Entre os problemas mais comuns está a constante falta de dinheiro. Esta reclamação é generalizada do jovem ao aposentado, da família assalariada ao empresário, dos empreendedores autônomos aos profissionais liberais. Mas por que as pessoas reclamam tanto? Por que afirmam que o salário não chega até o final do mês?

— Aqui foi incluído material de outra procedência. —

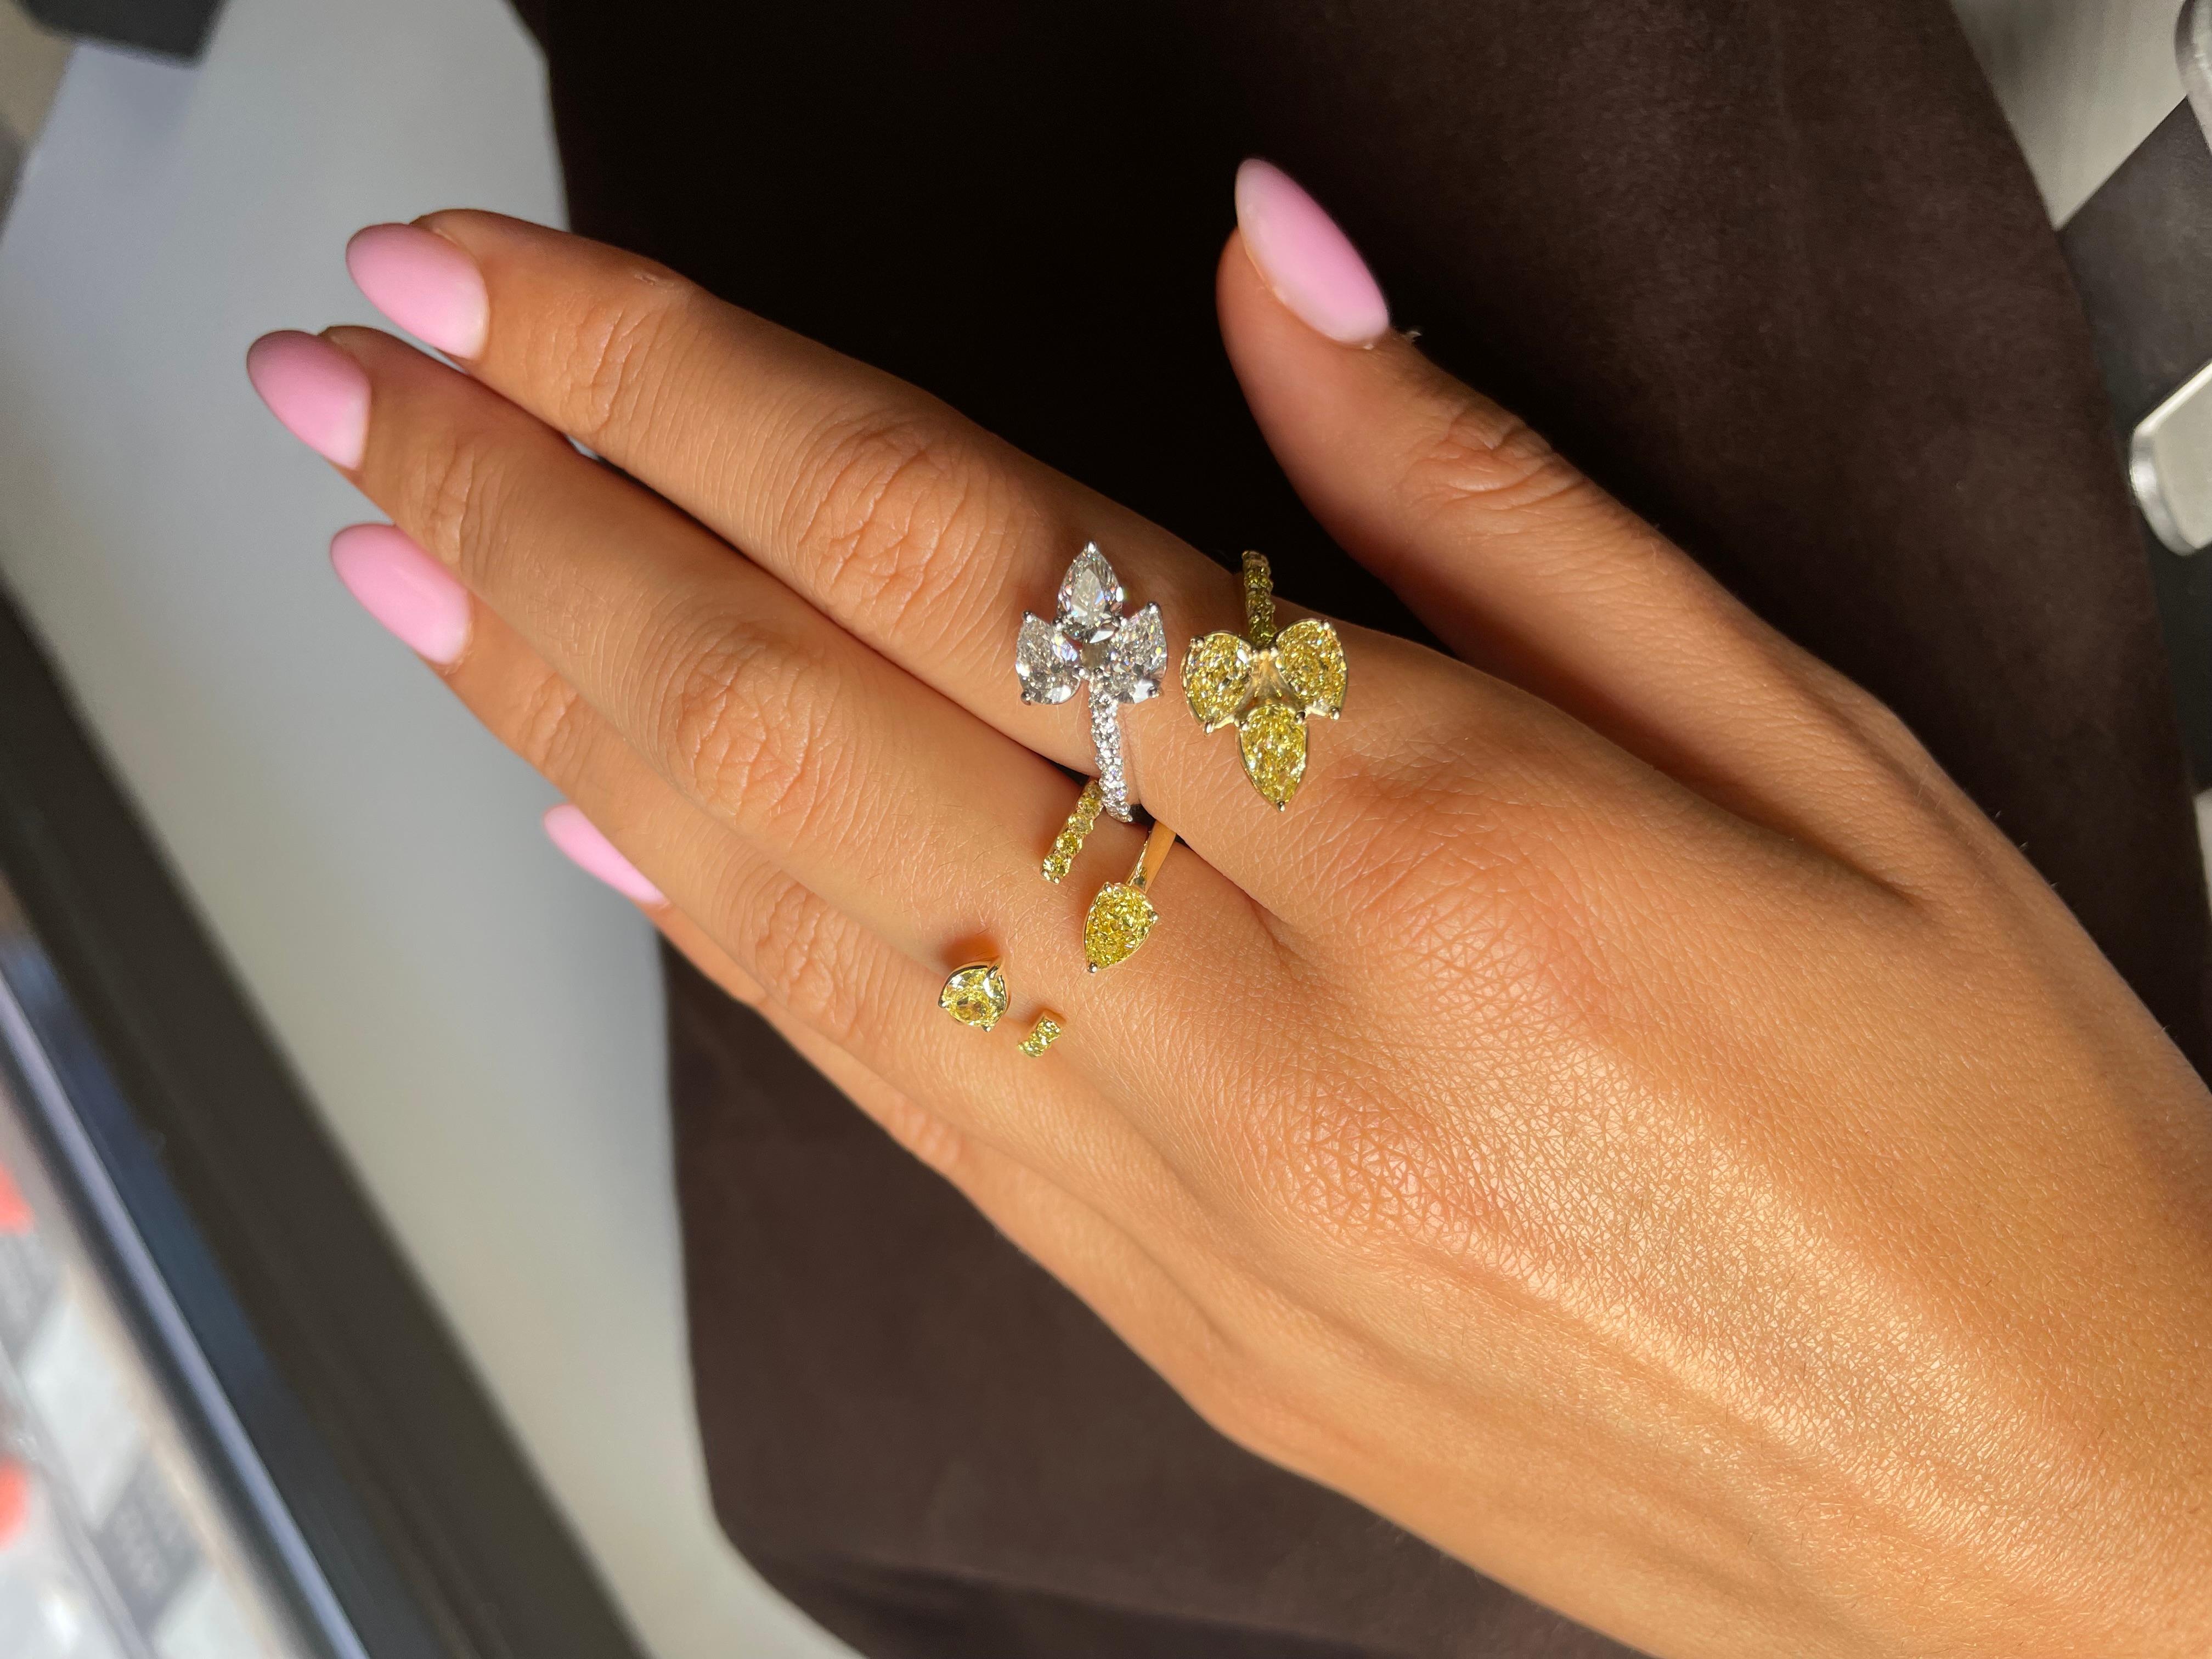 Featuring a unique Diamond Leaf Bypass Ring.  showcasing a one-of-a-kind design. Adorned with 3 pear-shaped Yellow Diamonds, totaling 1.26 carats, and 3 pear-shaped Colorless Diamonds, totaling 1.20 carats, this ring is a true marvel. The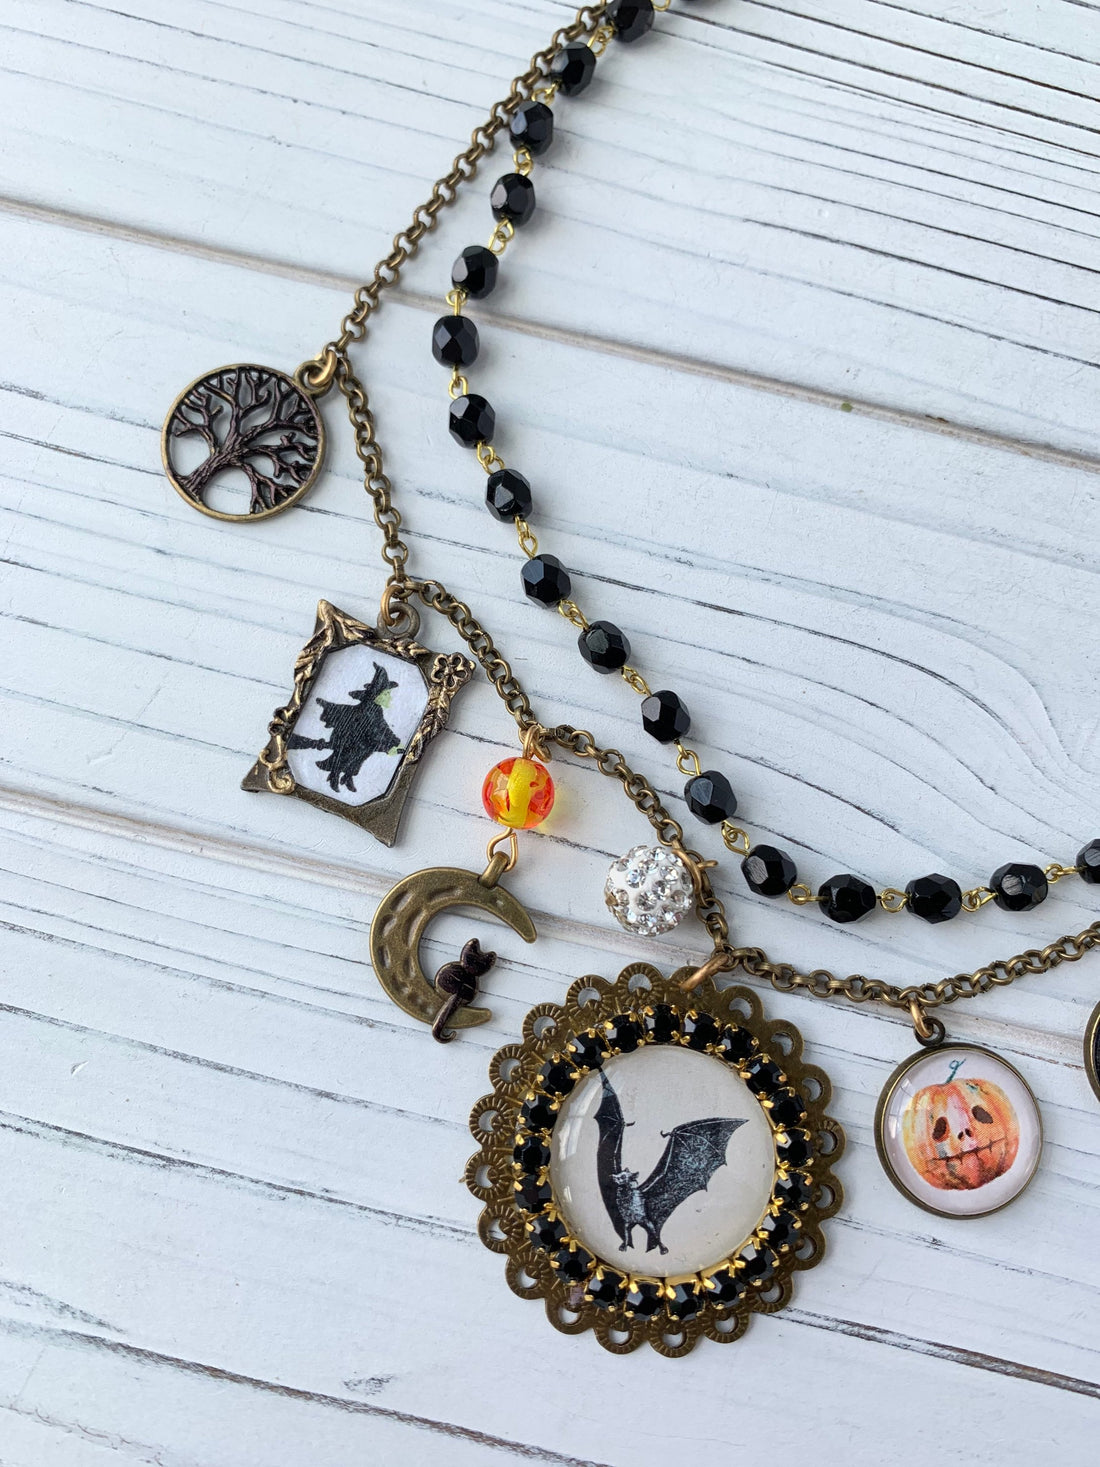 Ghostly Charm Necklace - Halloween Charm Necklace - Witch Jewelry

Algumas pessoas acabam incorporando produtos financeiros como o cheque especial e o cartão de crédito em sua renda mensal, além disso, tomam empréstimos em bancos, financeiras e lojas, chegando a alguns casos assumirem o pagamento de juros superiores a 400% ao ano.
Durante estas duas últimas décadas de trabalho identifiquei alguns grandes erros destas pessoas “pobres”:
1. Desprezo dos pequenos valores: Você já teve a sensação que ao trocar uma nota de R$ 50,00 por cinco notas de R$ 10,00, seu dinheiro desapareceu em poucas horas e você não consegue lembrar onde e como gastou?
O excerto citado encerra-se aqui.